Task inputs =
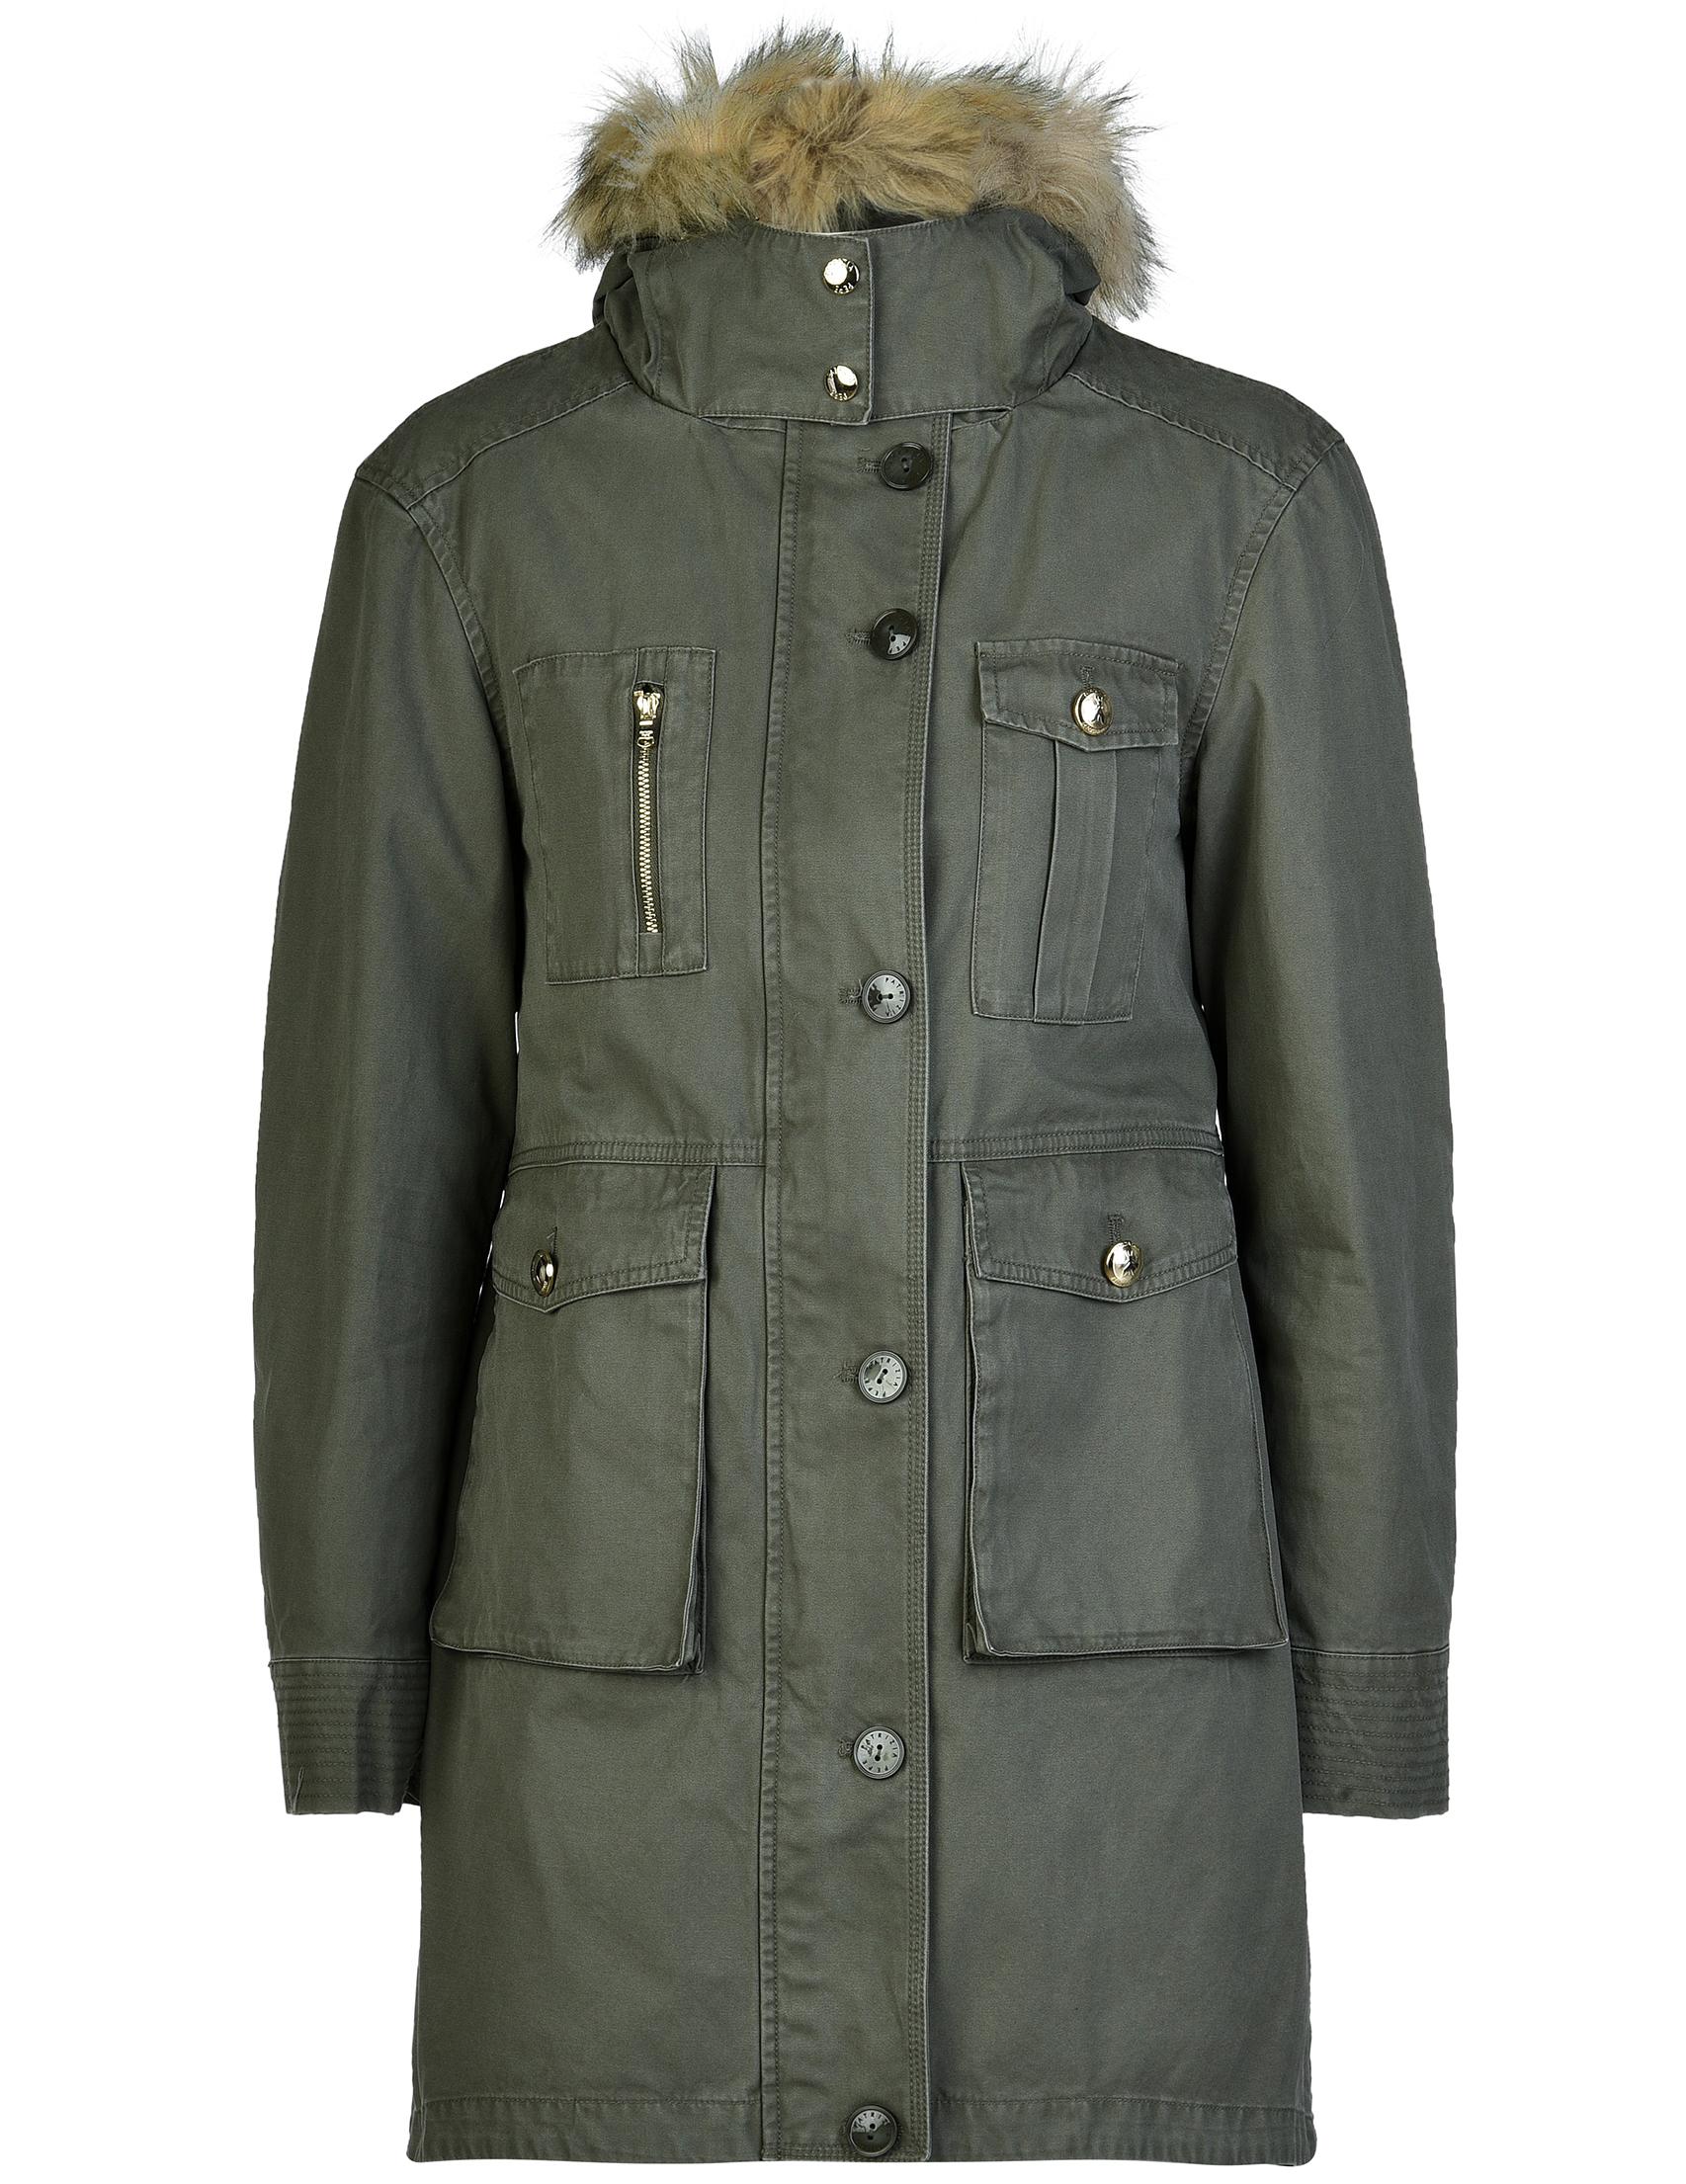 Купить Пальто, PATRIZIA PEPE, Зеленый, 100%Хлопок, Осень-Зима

--

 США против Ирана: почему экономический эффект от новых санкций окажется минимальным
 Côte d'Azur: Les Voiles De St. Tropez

* * *

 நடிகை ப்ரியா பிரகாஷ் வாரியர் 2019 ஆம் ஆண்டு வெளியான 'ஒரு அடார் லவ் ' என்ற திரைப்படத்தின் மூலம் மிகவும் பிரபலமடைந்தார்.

Instructions for the task = Copy out only the lines above from the one with "США против Ирана: почему" to the one with "Côte d'Azur: Les Voiles De St. Tropez", inclusive, exactly as they stand.

Answer for this exercise =
 США против Ирана: почему экономический эффект от новых санкций окажется минимальным
 Côte d'Azur: Les Voiles De St. Tropez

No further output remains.